The biggest thing for me honestly is the long-term relationships. I really love getting deeply involved in a business, helping untangle problems, building systems, and then getting to watch clients scale over time. Seeing someone go from overwhelmed and stuck to running a healthy, successful company never really gets old for me.

Can you talk to us a bit about the challenges and lessons you’ve learned along the way. Looking back would you say it’s been easy or smooth in retrospect?
Anyone saying owning your own business is a smooth road is definitely lying to you a little bit. In the beginning especially, you’re doing everything. You’re the strategist, marketer, bookkeeper, customer service department, operations manager…all while trying to actually deliver the work itself. It’s long hours and a lot of second guessing yourself while also trying to convince other people to trust you.

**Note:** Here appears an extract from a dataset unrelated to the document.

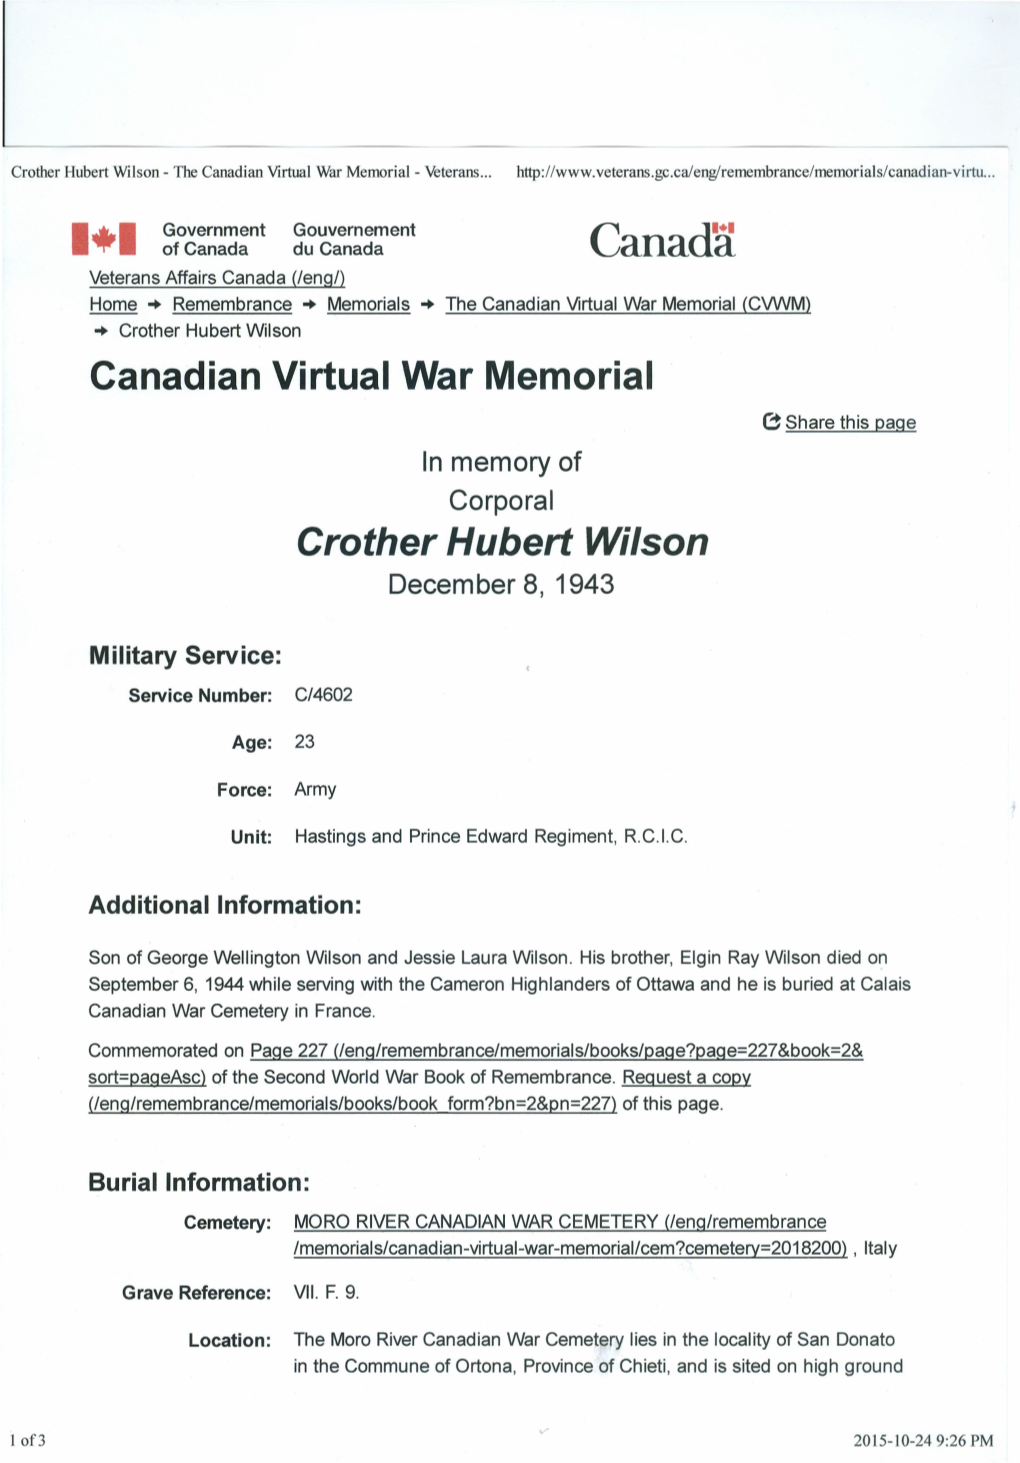 Crother Hubert Wilson - the Canadian Virtual War Memorial - Veterans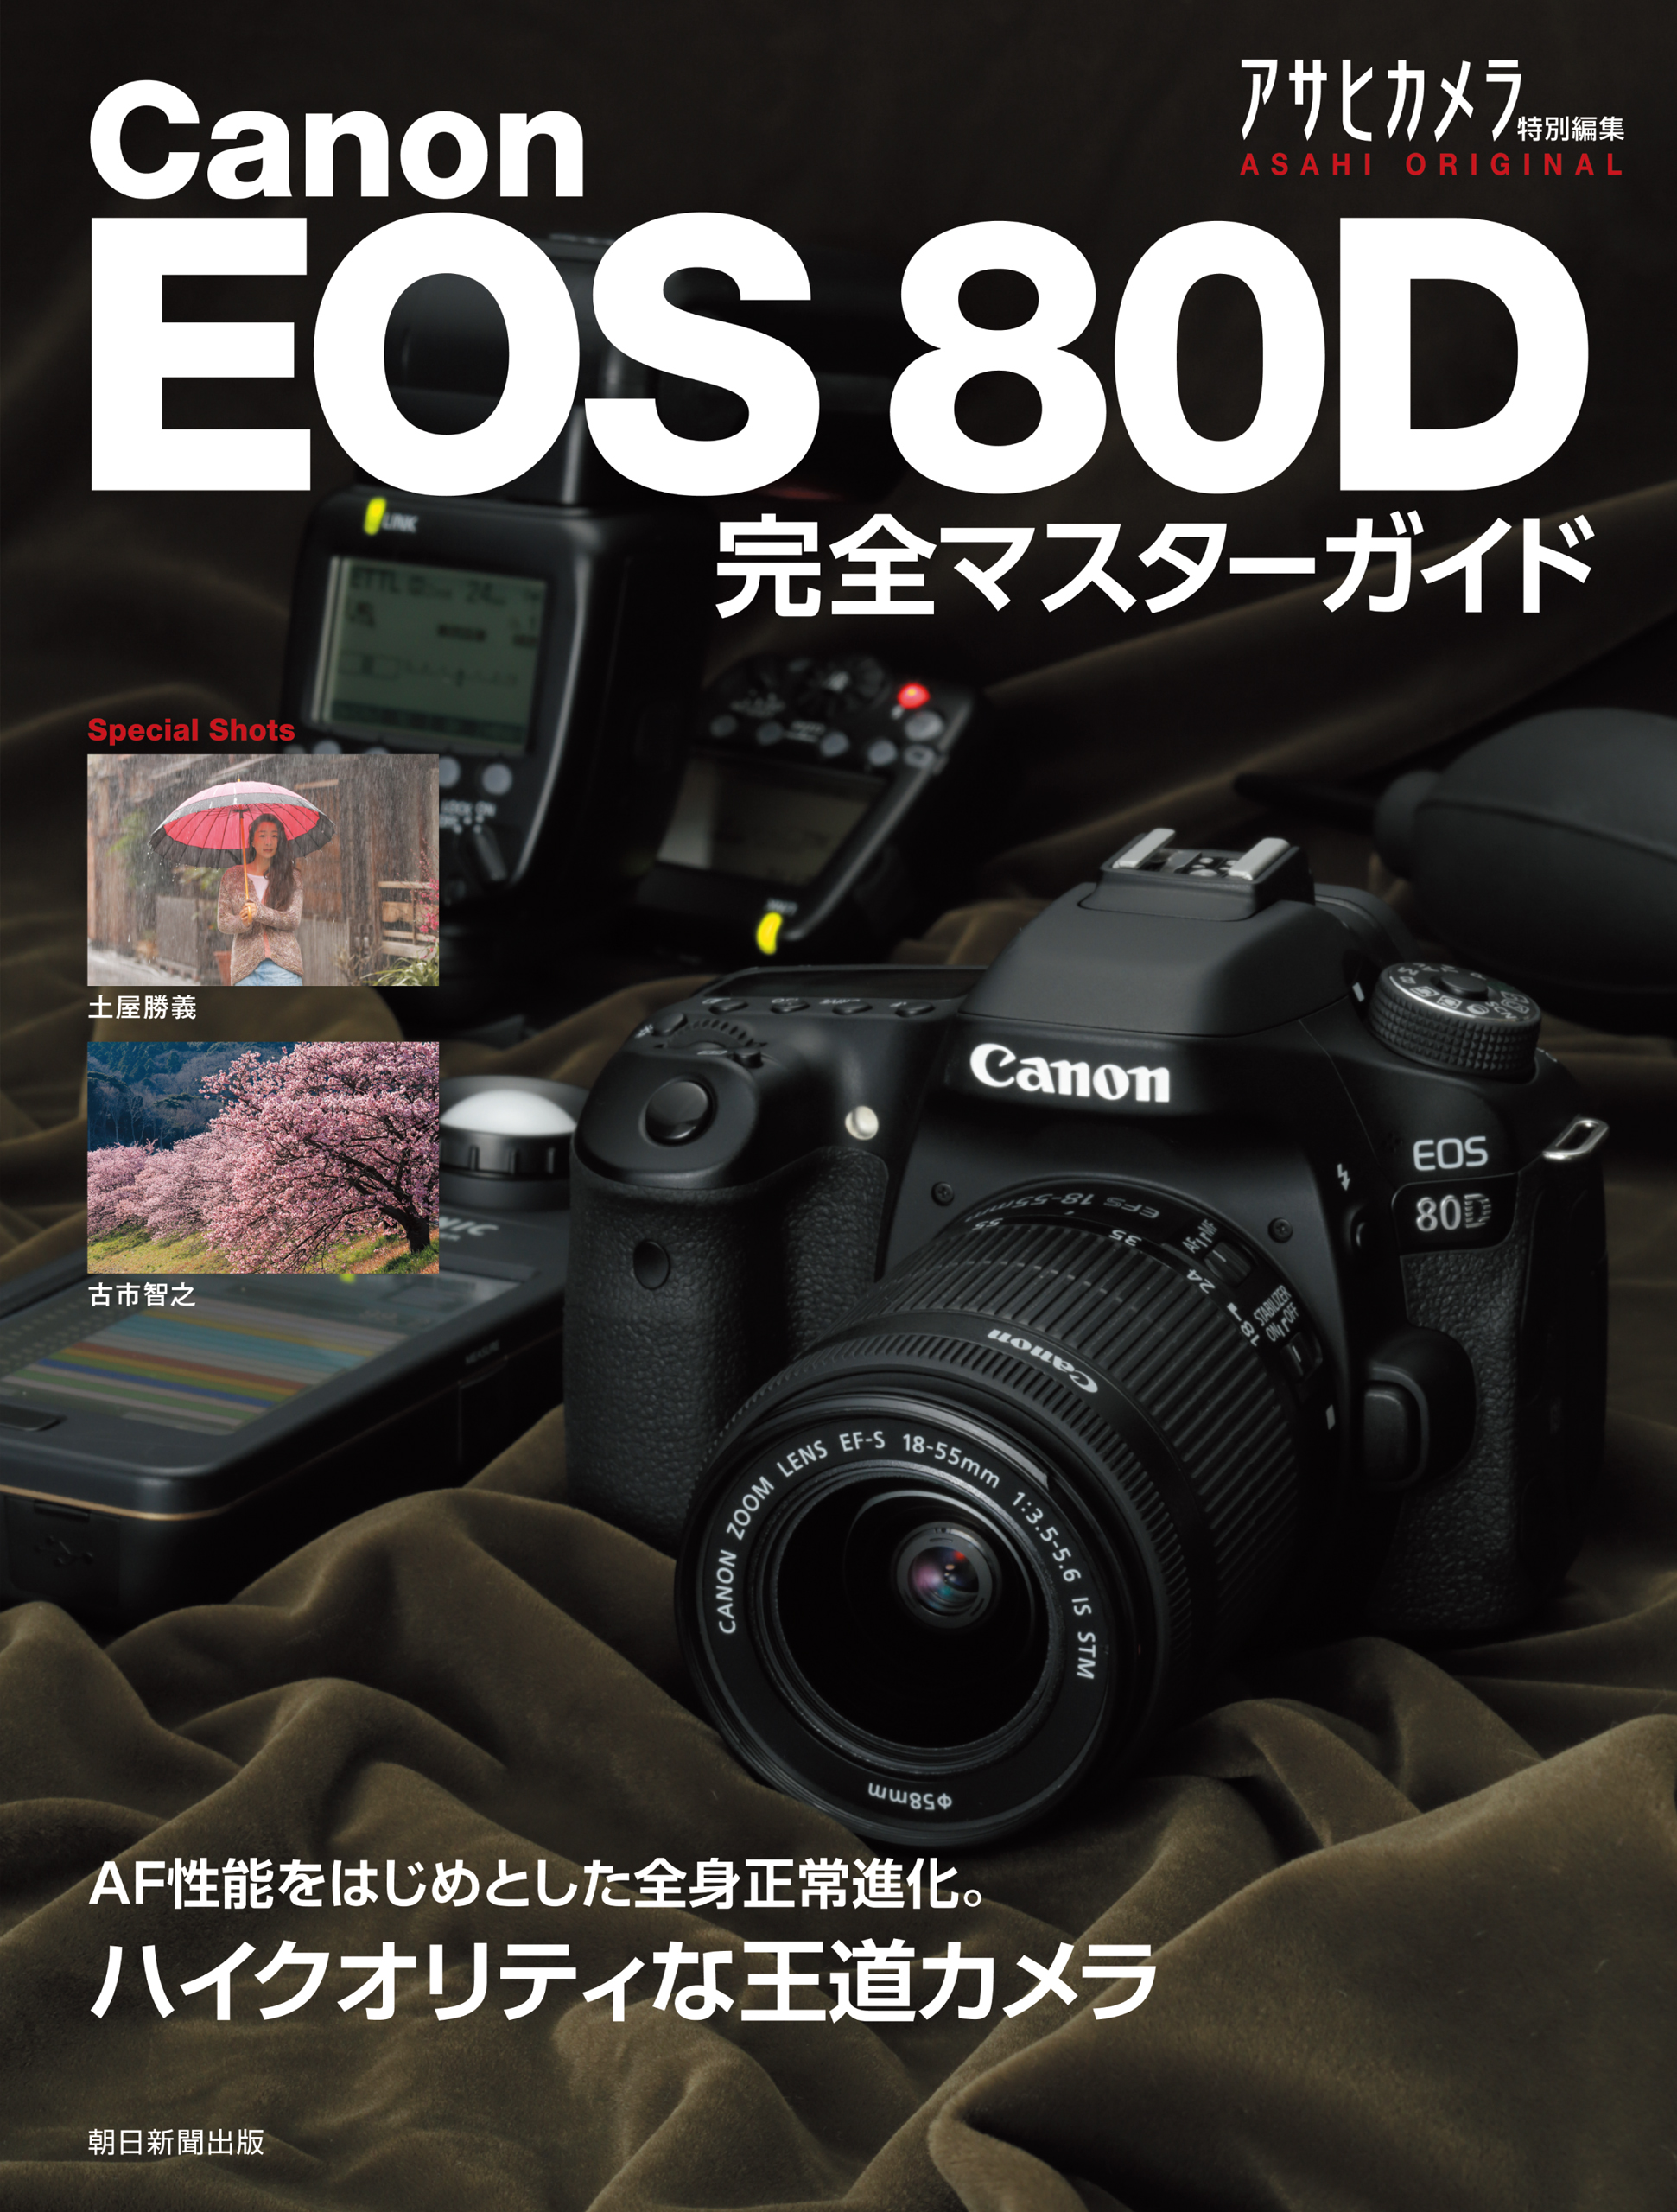 Canon EOS 80D 完全マスターガイド - アサヒカメラ編集部 - 漫画・無料

And honestly, even now that my business is stable and has been for years, there are still moments where I think about what it would feel like to not be the one ultimately responsible for everything. To not have the long-term health of the business sitting on my shoulders all the time.

But at the same time, I genuinely love it. I love the freedom, the creativity, the relationships, and the ability to build something that actually reflects my values and the kind of life I want. I think entrepreneurship stretches you in ways almost nothing else can. It forces you to become more resilient, more self-aware, and more adaptable.

So no, definitely not a smooth road. But I also can’t really imagine doing anything else.

Thanks for sharing that. So, maybe next you can tell us a bit more about your business?
I work primarily in business strategy and operations consulting for established businesses that have already proven themselves, but have hit a point where growth is getting messy, unsustainable, or overly dependent on the owner. Most of my clients are in the multiple six figure to multi-million dollar range, and a lot of the work I do sits in the space between strategy, systems, leadership, sales, and overall business structure.

What I’m probably most known for is being able to quickly identify the real problem underneath the visible problem. A lot of business owners come to me thinking they have a marketing issue or a sales issue, when really they have an operations bottleneck, unclear positioning, broken team structure, or a business model that no longer supports the level they’re operating at.

I’m also very relationship-based in how I work. I tend to get deeply integrated into businesses long term versus doing one-off surface level consulting. A lot of my clients have worked with me for years because I’m not just handing them a generic strategy deck and disappearing. I’m helping them actually implement changes and build a business that can sustainably support growth.

Brand wise, I’m probably most proud of the trust I’ve built and the reputation my business has through word of mouth. Almost all of my work comes from referrals and long-term relationships, which means a lot to me. I’ve never wanted to build a business based on hype or performative entrepreneurship. I care much more about helping people build companies that are profitable, functional, healthy, and aligned with the life they actually want to live.

Any big plans?
Honestly, I’m really happy with the direction things are already moving, so right now the focus is less on huge pivots and more on continuing to deepen the work I’m already doing. A lot of my clients have been with me long term, and I’m excited to keep helping them scale, evolve, and build businesses that feel sustainable and genuinely successful to them.

I’m also looking forward to doing more strategy and operations consulting work specifically. I really love getting inside a business, untangling problems, building systems, refining operations, and helping create structure that actually supports growth long term. That kind of work feels very natural to me and is where I feel I bring the most value.

More than anything, I’m excited for more depth, more impact, and honestly just more magic with the right clients.